Посмотрела исподлобья:
— Да, я этот день хорошо помню. А что до леченья, то жаль, что Дмитрий Николаевич нынче ночует в Москве, — он бы вам тотчас посоветовал настоящего доктора.
— А почему он ночует в Москве?
— Сказал утром, уходя на станцию, что нынче у них заседание пайщиков, перед разъездом. Все разъезжаются — кто в Кисловодск, кто за границу.
— Но он мог бы с двенадцатичасовым вернуться.
— А прощальное пьянство после заседания в «Мавритании»?
За обедом он грустно молчал, неожиданно пошутил:
— А не закатиться ли и мне в «Мавританию» с десятичасовым, вдребезги напиться там, выпить на брудершафт с метрдотелем?
Она посмотрела длительно:
— Закатиться и меня одну оставить в пустом доме? Так-то вы помните гиацинты!
И тихо, будто задумавшись, положила ладонь на его лежавшую на столе руку…

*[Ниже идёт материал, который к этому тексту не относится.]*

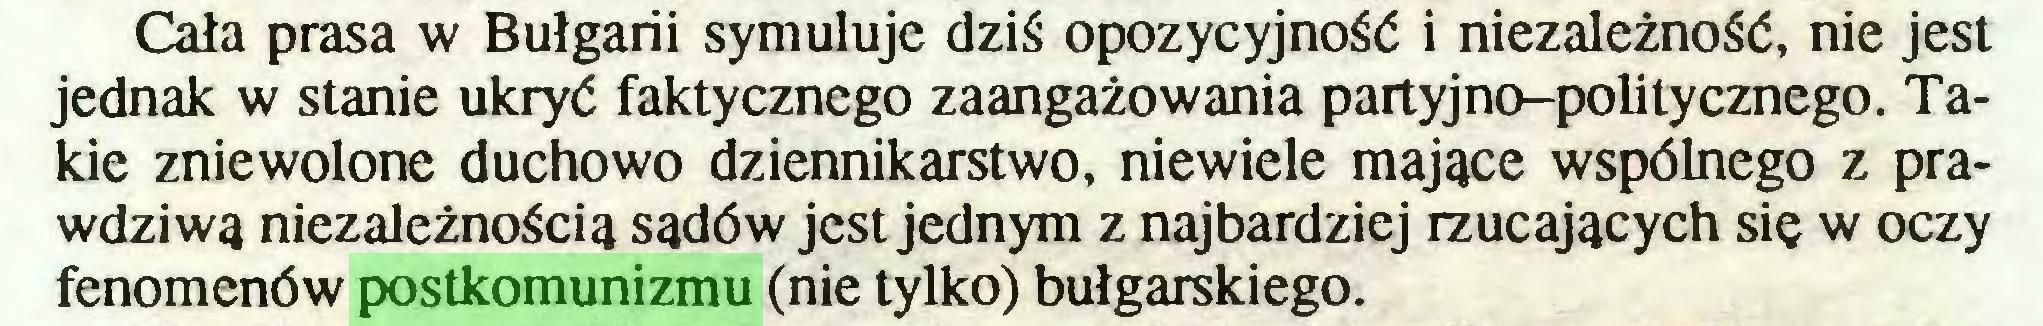 (...) Cała prasa w Bułgarii symuluje dziś opozycyjność i niezależność, nie jest jednak w stanie ukryć faktycznego zaangażowania partyjno-politycznego. Takie zniewolone duchowo dziennikarstwo, niewiele mające wspólnego z prawdziwą niezależnością sądów jest jednym z najbardziej rzucających się w oczy fenomenów postkomunizmu (nie tylko) bułgarskiego...

Во втором часу ночи, в одном шлафроке, он прокрался из ее спальни по темному, тихому дому, под четкий стук часов в столовой, в свою комнату, в сумраке которой светился в открытые на садовый балкон окна дальний неживой свет всю ночь не гаснущей зари и пахло ночной лесной свежестью. Блаженно повалился навзничь на постель, нашарил на ночном столике спички и портсигар, жадно закурил и закрыл глаза, вспоминая подробности своего неожиданного счастья.
Утром в окна тянуло сыростью тихого дождя, по балкону ровно стучали его капли. Он открыл глаза, с наслаждением почувствовал сладкую простоту будничной жизни, подумал: «Нынче уеду в Москву, а послезавтра в Тироль или на озеро Гарда», — и опять заснул.
Выйдя к завтраку, почтительно поцеловал ее руку и скромно сел за стол, развернул салфетку…
— Не взыщите, — сказала она, стараясь быть как можно проще, — только холодная курица и простокваша. Саша, принесите красного вина, вы опять забыли…
Потом, не поднимая глаз:
— Пожалуйста, уезжайте нынче же. Скажите Дмитрию Николаевичу, что вам тоже страшно захотелось в Кисловодск. Я приеду туда недели через две, а ею отправлю в Крым к родителям, там у них чудная дача в Мисхоре… — Спасибо, Саша. Вы простокваши не любите, — хотите сыру? Саша, принесите, пожалуйста, сыр…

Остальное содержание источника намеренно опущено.